* TASK INSTRUCTIONS
Look through the entries below and show every line containing the word "will".

»»

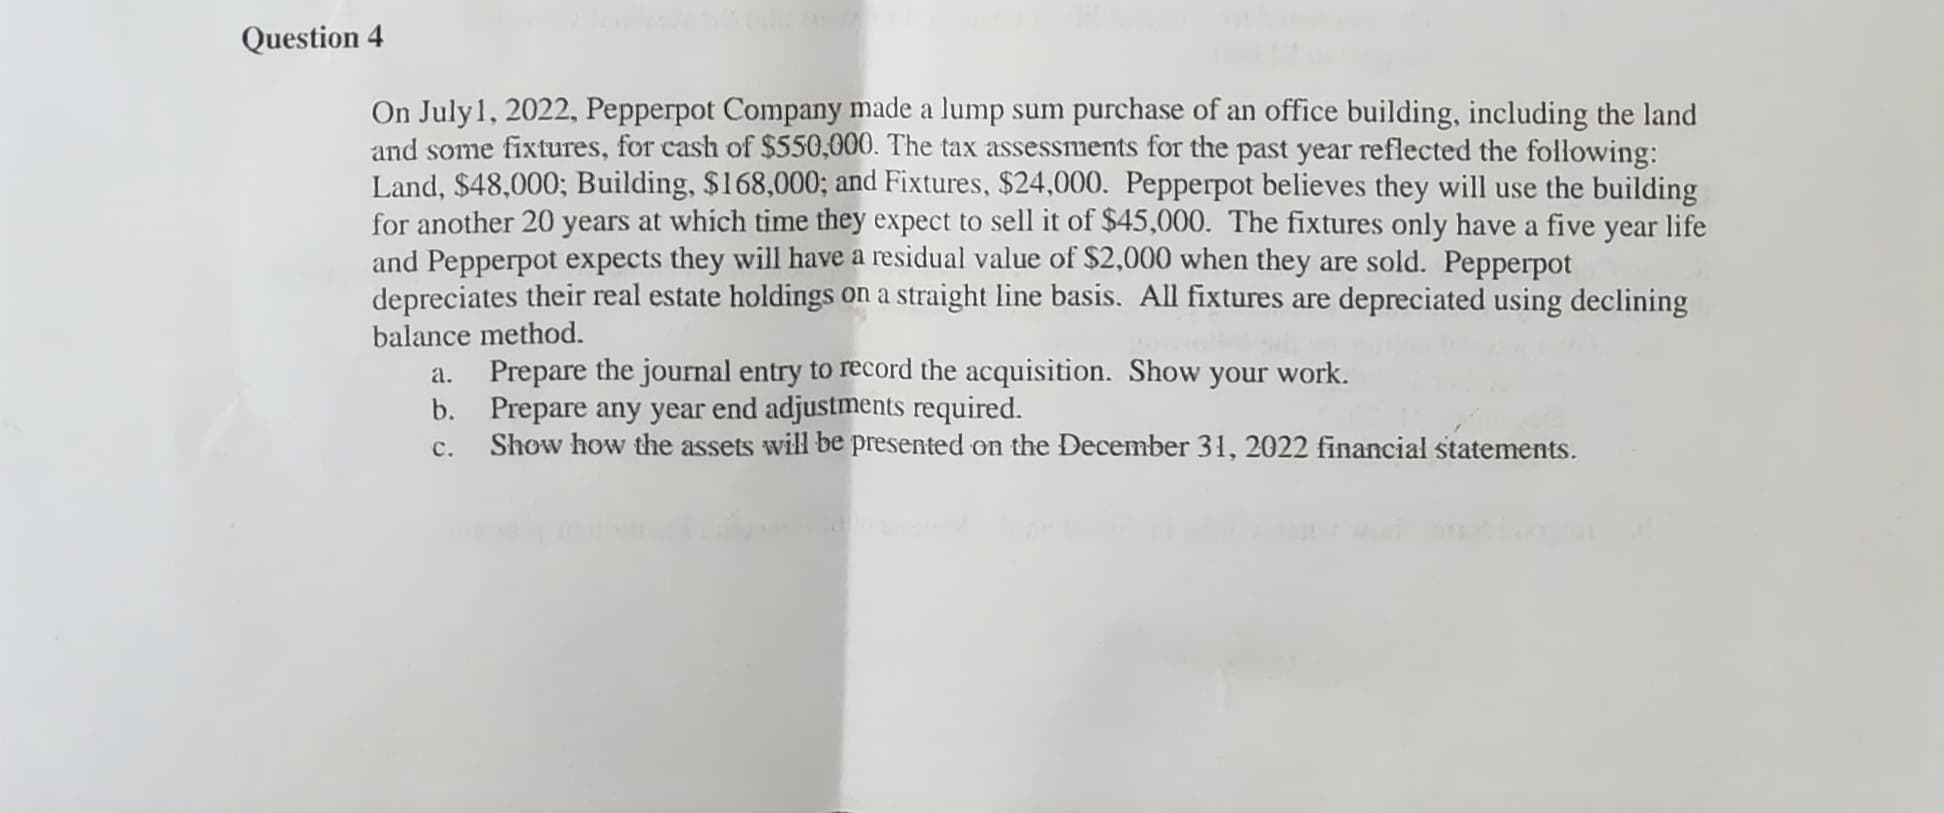 Question 4
On July 1, 2022, Pepperpot Company made a lump sum purchase of an office building, including the land
and some fixtures, for cash of $550,000. The tax assessments for the past year reflected the following:
Land, $48,000; Building, $168,000; and Fixtures, $24,000. Pepperpot believes they will use the building
for another 20 years at which time they expect to sell it of $45,000. The fixtures only have a five year life
and Pepperpot expects they will have a residual value of $2,000 when they are sold. Pepperpot
depreciates their real estate holdings on a straight line basis. All fixtures are depreciated using declining
balance method.
a.
b.
c.
Prepare the journal entry to record the acquisition. Show your work.
Prepare any year end adjustments required.
Show how the assets will be presented on the December 31, 2022 financial statements.

««

* FINAL ANSWER
Land, $48,000; Building, $168,000; and Fixtures, $24,000. Pepperpot believes they will use the building
and Pepperpot expects they will have a residual value of $2,000 when they are sold. Pepperpot
Show how the assets will be presented on the December 31, 2022 financial statements.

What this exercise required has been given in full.